After Claremont’s National Guard unit was put into federal service, a new state guard unit was formed in January 1941. Its purpose was to guard bridges in the area. O’Brien had a lieutenant’s commission from college ROTC, and he was made second in command of the new unit under Leon Hadley, who was partner in the Hadley-Hofstra lumber company on Spofford Street.

With the nation’s entry into WWII appearing imminent, O’Brien decided to sell off the Athol paper and concentrate on the Eagle. Figuring he would be drafted, he appointed his production manager of the Eagle to publisher and went to Washington to see what his options were. He was initially offered a position in public relations in Washington but later transferred to the American Intelligence Command where he was stationed in Miami Beach, Brazil, and then Paraguay.

When the war ended, O’Brien spent the final few months of his service time as intelligence officer at Fort Devens, which was used as a prisoner of war camp. He then returned to Claremont to run the Daily Eagle.

Upon returning to Claremont, O’Brien became the president of the local chamber of commerce. He had previously been honored by the chamber as Man of the Year, an award now known as Citizen of the Year.

O’Brien established Claremont’s first radio station. The call letters, based on his name, were WLOB. A floor was added to the Eagle building at 19 Sullivan Street to house the radio station, which first went on the air May 19, 1947. WLOB was credited with being a vital tool in the hotly debated issue of switching from town government to a city manager later that year.

O’Brien had learned from his military service that he liked warmer climates better than New England. He decided to sell the Eagle and move to the west coast. He agreed to terms with John McLane Clark of New Boston in December 1949. Clark would consummate the deal for the Eagle a couple of months later, while WLOB was sold to the Granite State Broadcasting Company, which would lease the upper floor of the Eagle building. WLOB became WTSV.

Initially moving to Newport Beach, California, O’Brien instead decided to look for a newspaper in the southern mountain states. In January 1949, he purchased two papers in New Mexico, the Las Vegas Optic and the Tucumcari Daily News. He moved his wife and three children to Santa Fe.

Later that summer, O’Brien purchased the weekly Times Hustler of Farmington and turned it into the Daily Times. This would briefly thrust O’Brien into the national spotlight a year later when the people of Farmington reported strange aircraft making 90-degree turns at high speeds. While reporting claims of the townspeople but doubting it was aliens, the Associated Press picked up the story. O’Brien was invited to appear on national television, but he declined. (If you are wondering, Farmington is more than a five-hour drive from Roswell.)

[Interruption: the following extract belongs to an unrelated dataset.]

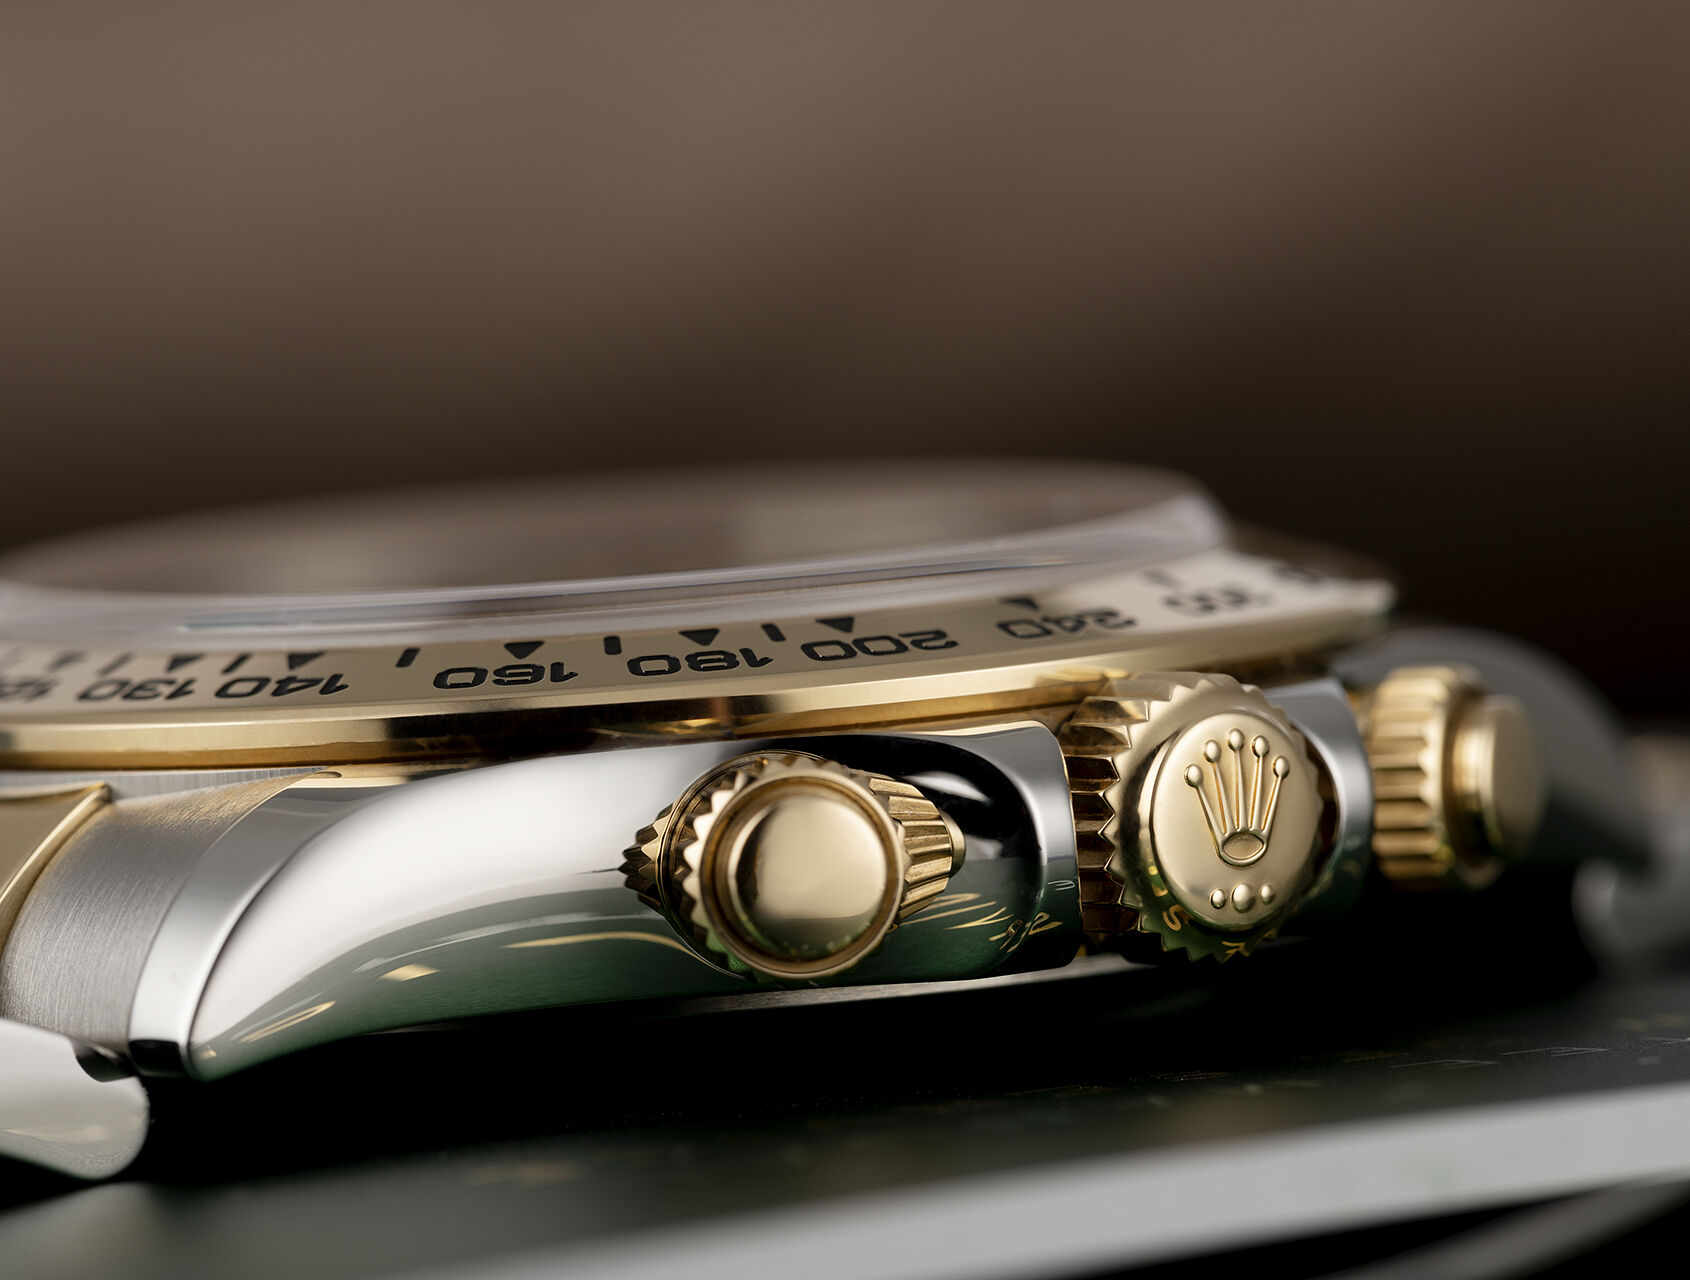 ref 116503 | UK Retailed | Rolex Cosmograph Daytona

O’Brien continued to buy newspapers in New Mexico. This gave rise to a song being sung about him at a state press convention, which went as follows –

I’m Lincoln O’Brien

and I’m always tryin’

to own every paper

wherever I go.

Oh, how the fellows will slay me

When I start to publish in Lamy

(Lamy is a small community in New Mexico that has never had more than a few hundred residents.)

O’Brien would own five daily papers at once in New Mexico. In 1956, he was elected president of the New Mexico Press Association, and he moved to Farmington, which was the home of his largest paper.

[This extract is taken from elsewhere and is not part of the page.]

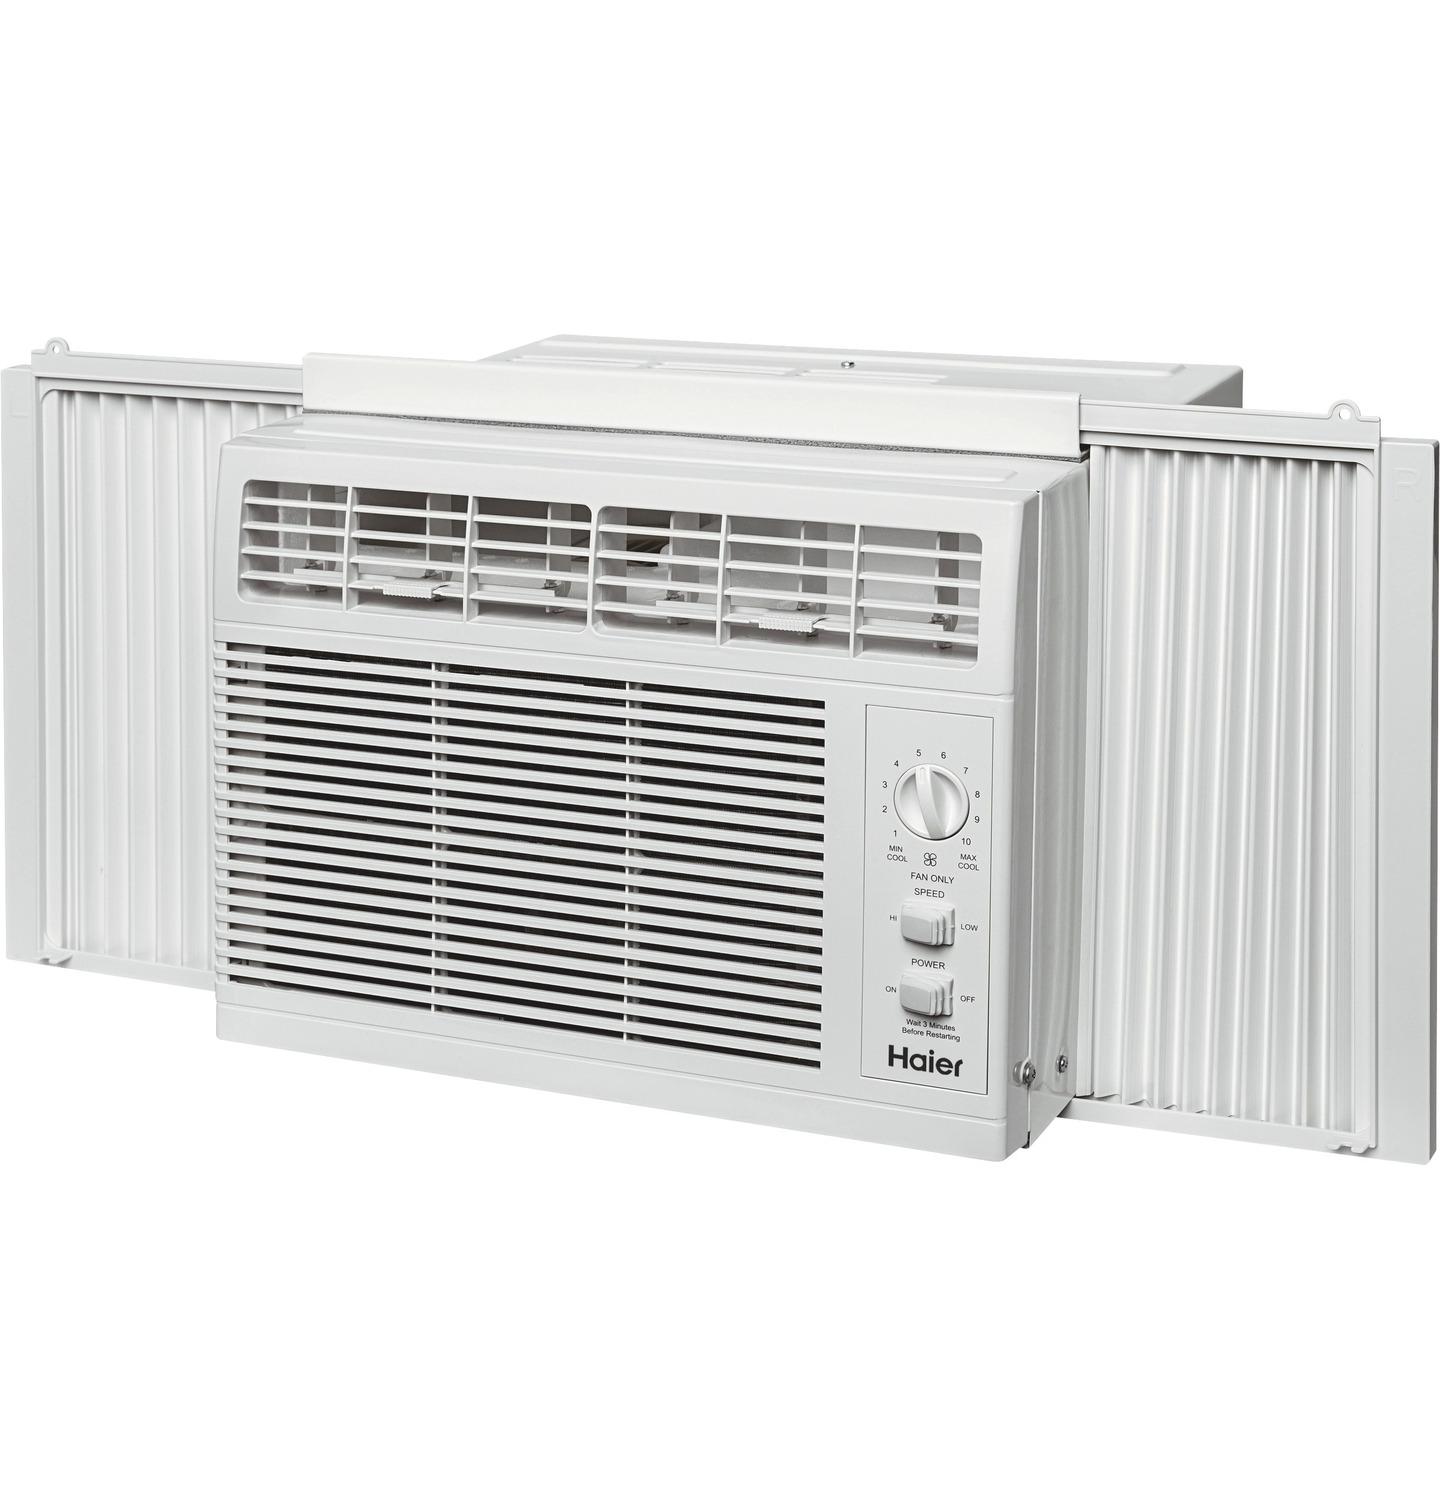 Haier 115 Volt Room Air Conditioner

He retired at age 65 in 1973, allowing him to spend more time at his summer home in Sarasota, Florida that he had purchased in 1968. He was elected to the New Mexico Newspaper Hall of Fame in the fall of 1973.

O’Brien had groomed his son Eliot to take over the Farmington paper. Not satisfied with how the paper was being run, he bought out the contract of his publisher and came out of retirement. His plan was to work one summer and show Eliot how the paper should be run.

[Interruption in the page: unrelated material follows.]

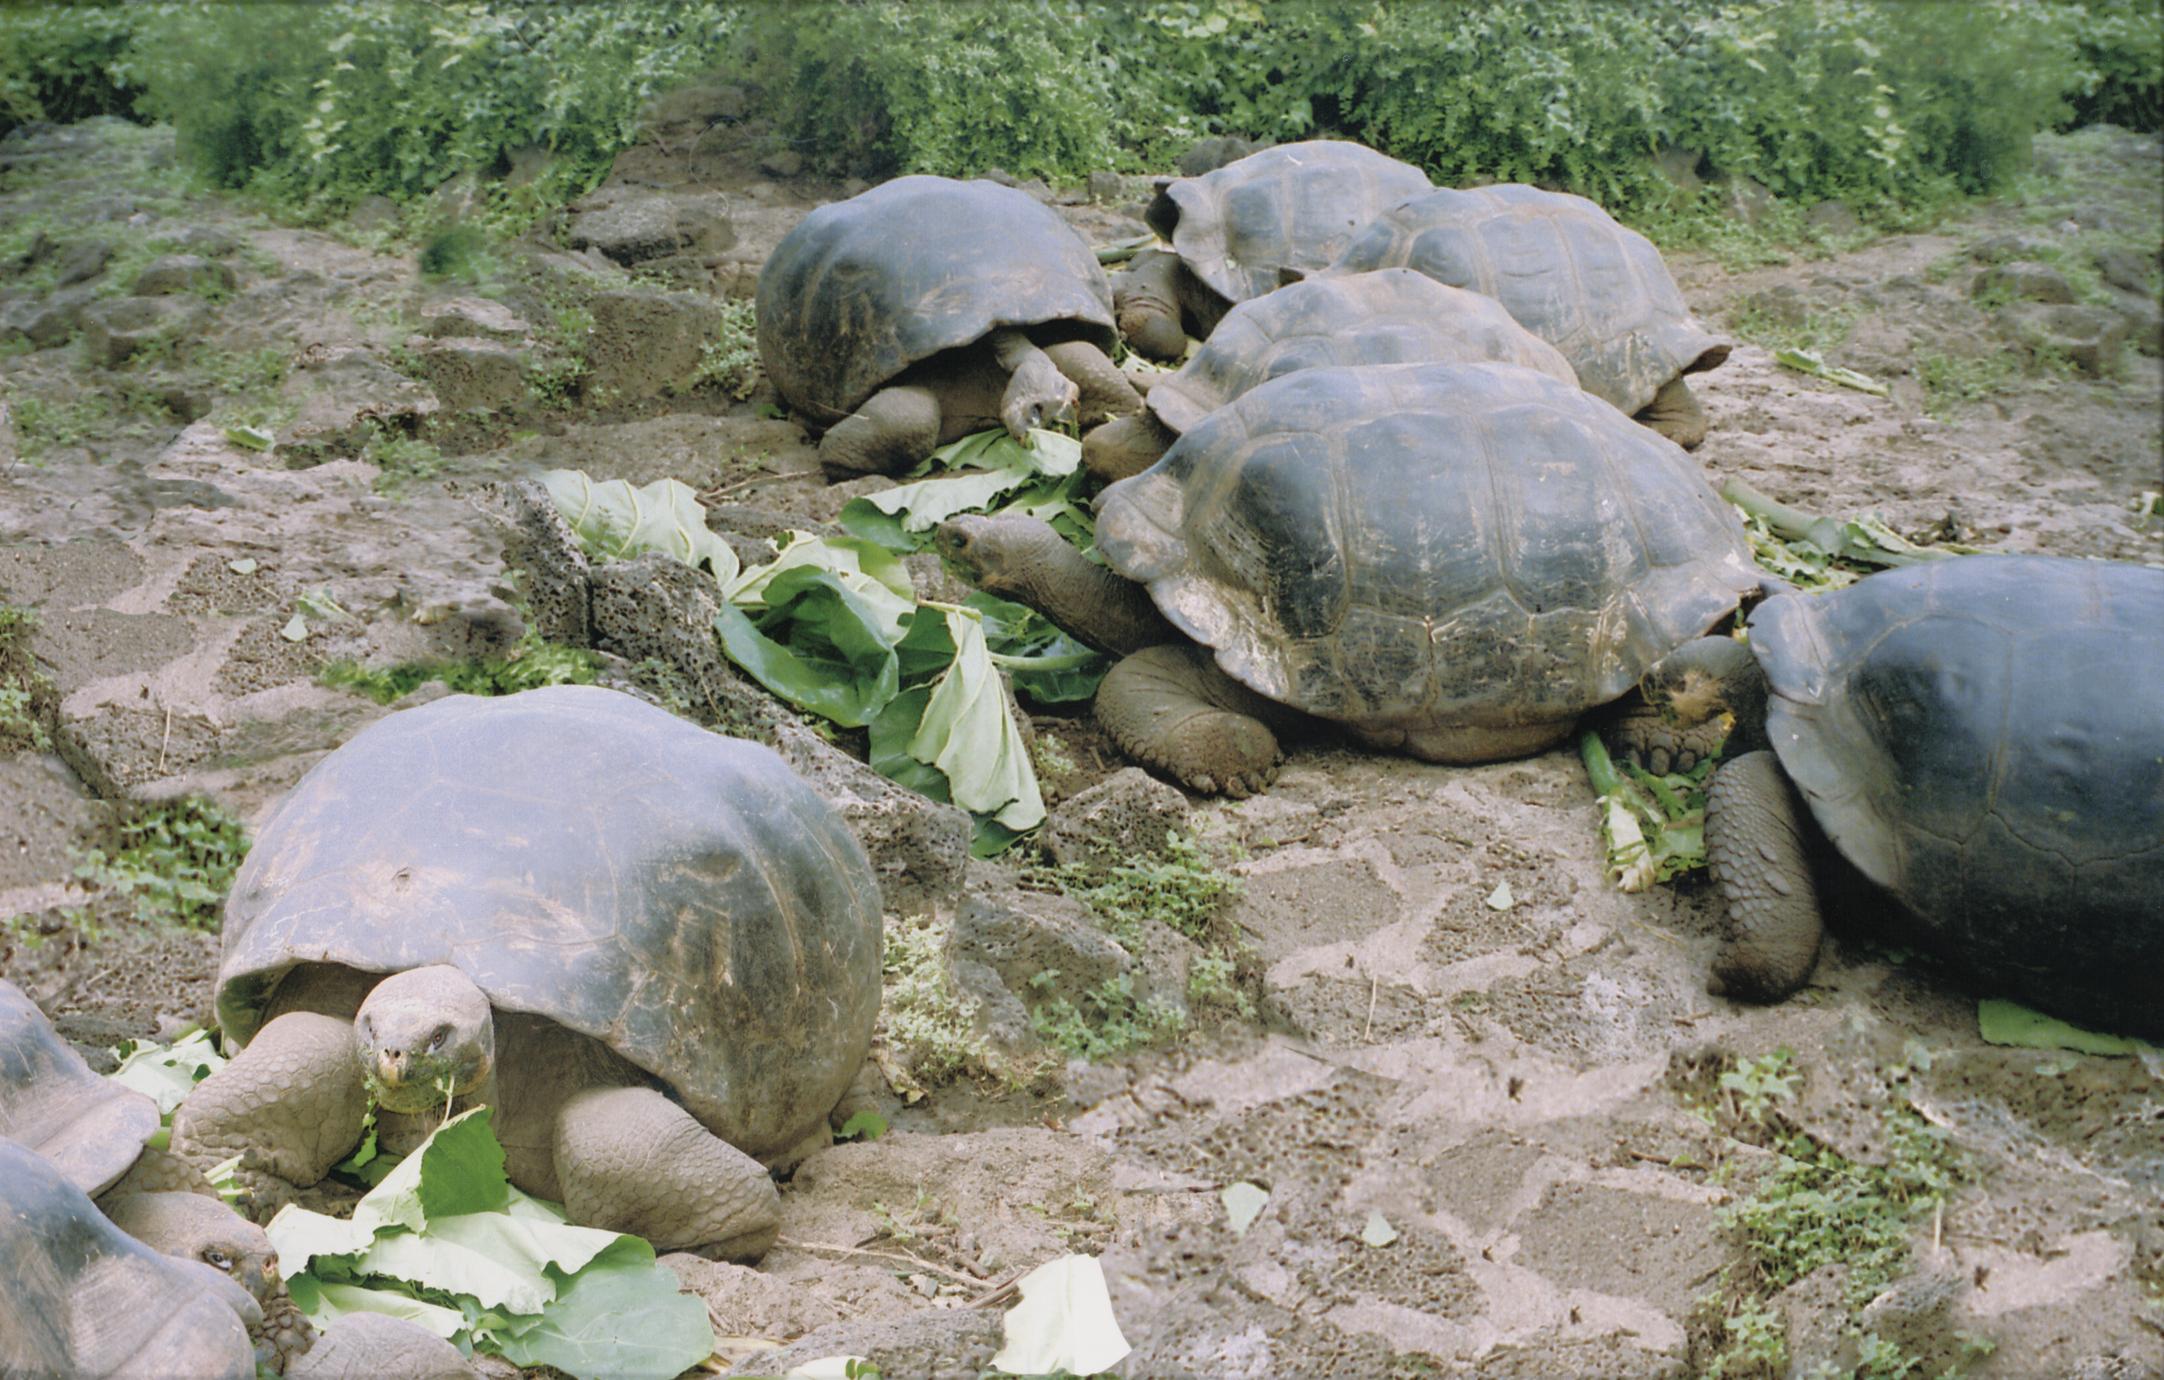 Galápagos Tortoises (Geochelone elephantopus)

He died at age 85 in Farmington on July 8, 1992, two weeks following the death of his wife, Frances Torka (Eliot) O’Brien. They had been married for 56 years. In addition to his son, Eliot, he was survived by a daughter, Susan Poet, and several grandchildren. Another son, Lincoln Jr., disappeared at age 36 in 1974 when his private plane went down on a flight to England and was never found.